Secara keseluruhan, agenda dan tujuan feminisme memang merupakan perjuangan yang patut
didukung karena dapat mensejajarkan posisi pria dan wanita, terutama terkait dengan kenyataan bahwa
kompetensi dan kemampuan yang dimiliki wanita sering melampui kapasitas pria. Namun menurut
opini penulis sekaligus kritikan terhadap bacaan, feminisme ini masih perlu pengembangan lebih jauh

lagi dengan konsep agenda yang lebih jelas, yaitu bagaimana cara konkret untuk mensejajarkan posisi
dua gender tersebut.

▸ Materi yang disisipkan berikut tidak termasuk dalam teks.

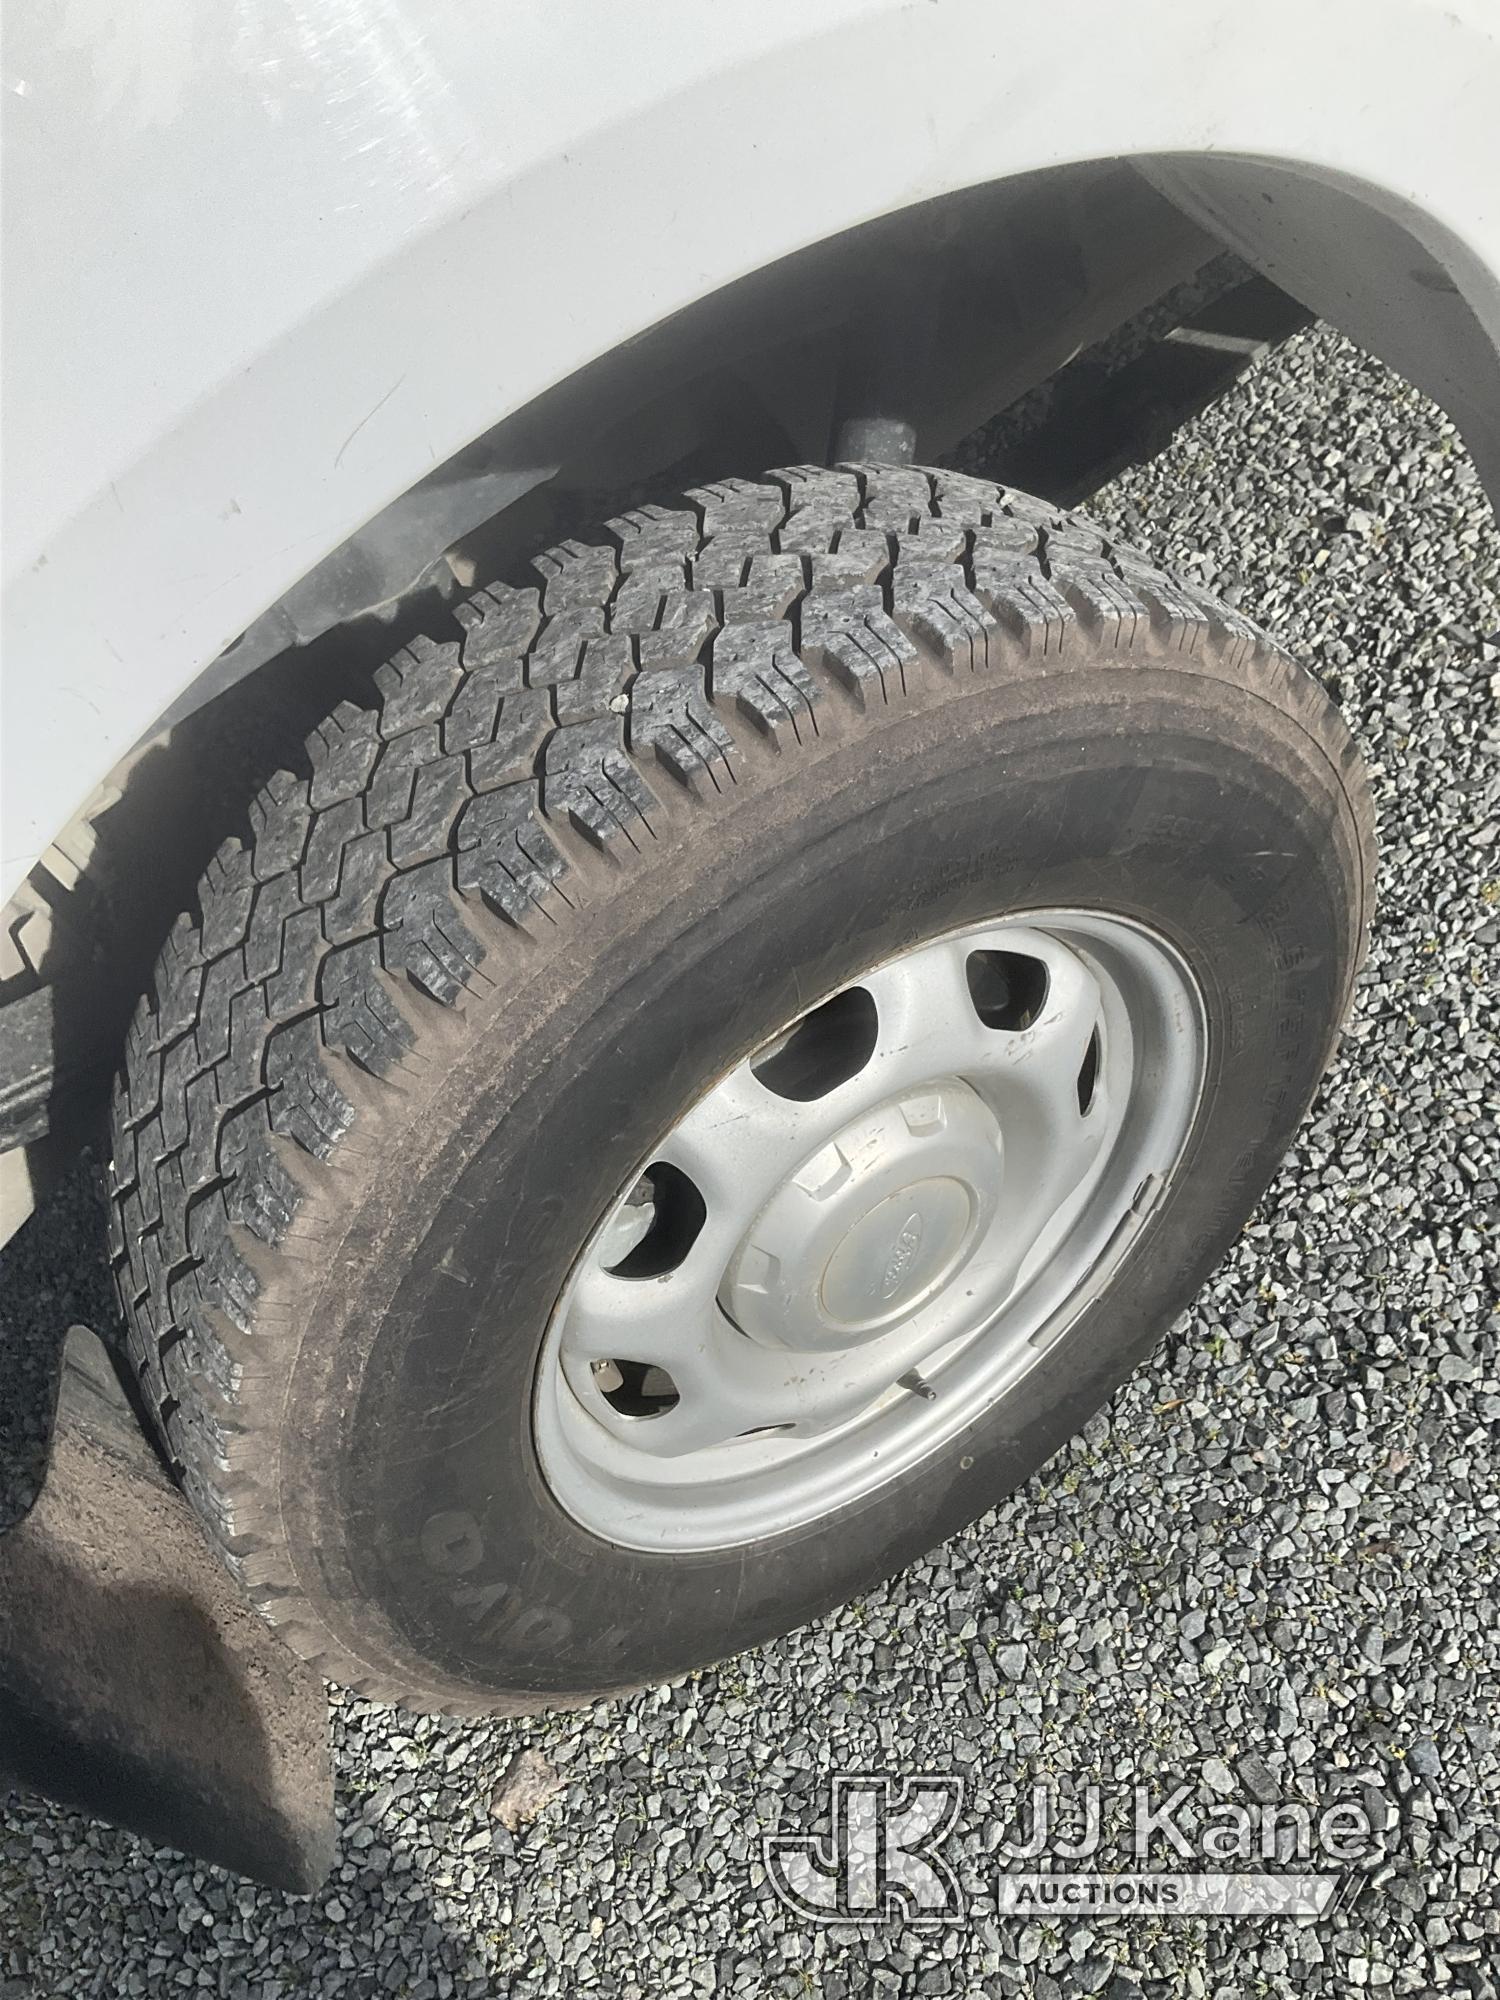 (Eatonville, WA) 2019 Ford F150 Crew-Cab Pickup Truck Runs & Moves) (Tires Are Good,  Severe Body Da
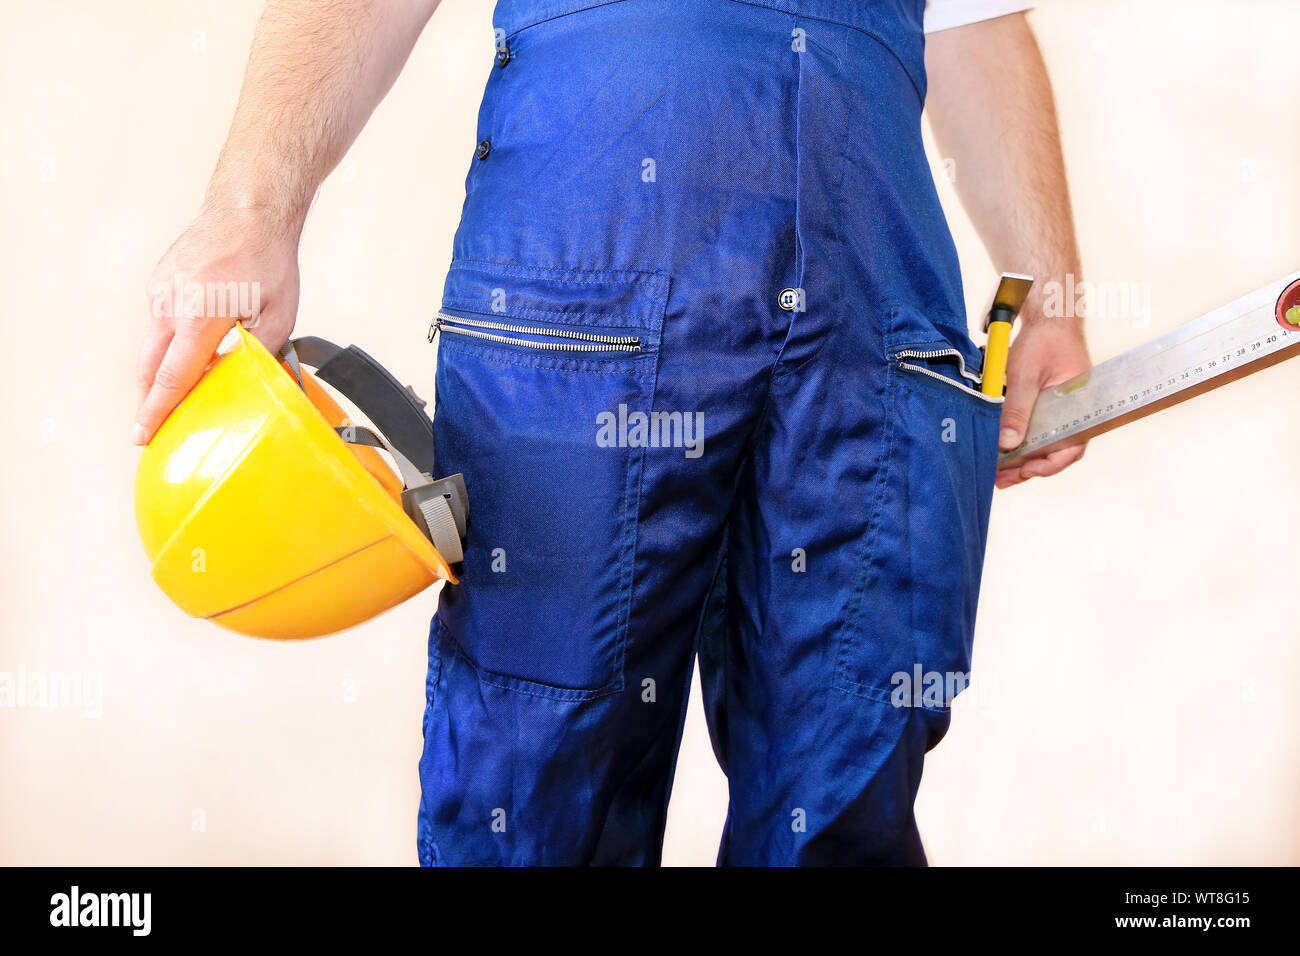 Bauarbeiter auf der Baustelle mit schützenden einheitliche, Bau Service Werkzeuge und Ausrüstung, Overall und hält gelben Helm, Hammer. Stockfoto

Selain itu, dekonstruksi feminis terhadap realis juga cenderung bias untuk
diaplikasikan, terutama dalam hal skeptisismenya terhadap entitas negara. Dalam keduanya masih
memfokuskan pada apa yang seharusnya didapatkan oleh kaum feminis, namun tidak memberikan
soulsi konkret untuk menghentikan permasalahan kesetaraan gender.

Referensi :
Fukuyama, Francis. 1998. “Women and the Evolution of World Politics”. Foreign Affairs, 77,
5m, h 24-40
Tickner, J. Ann. 1992.. “Engendered Insecurities: Feminist Perspectives on International
Relations’, dalam Gender in International Relations, New York: Columbia University
Bokks, Chapter 1.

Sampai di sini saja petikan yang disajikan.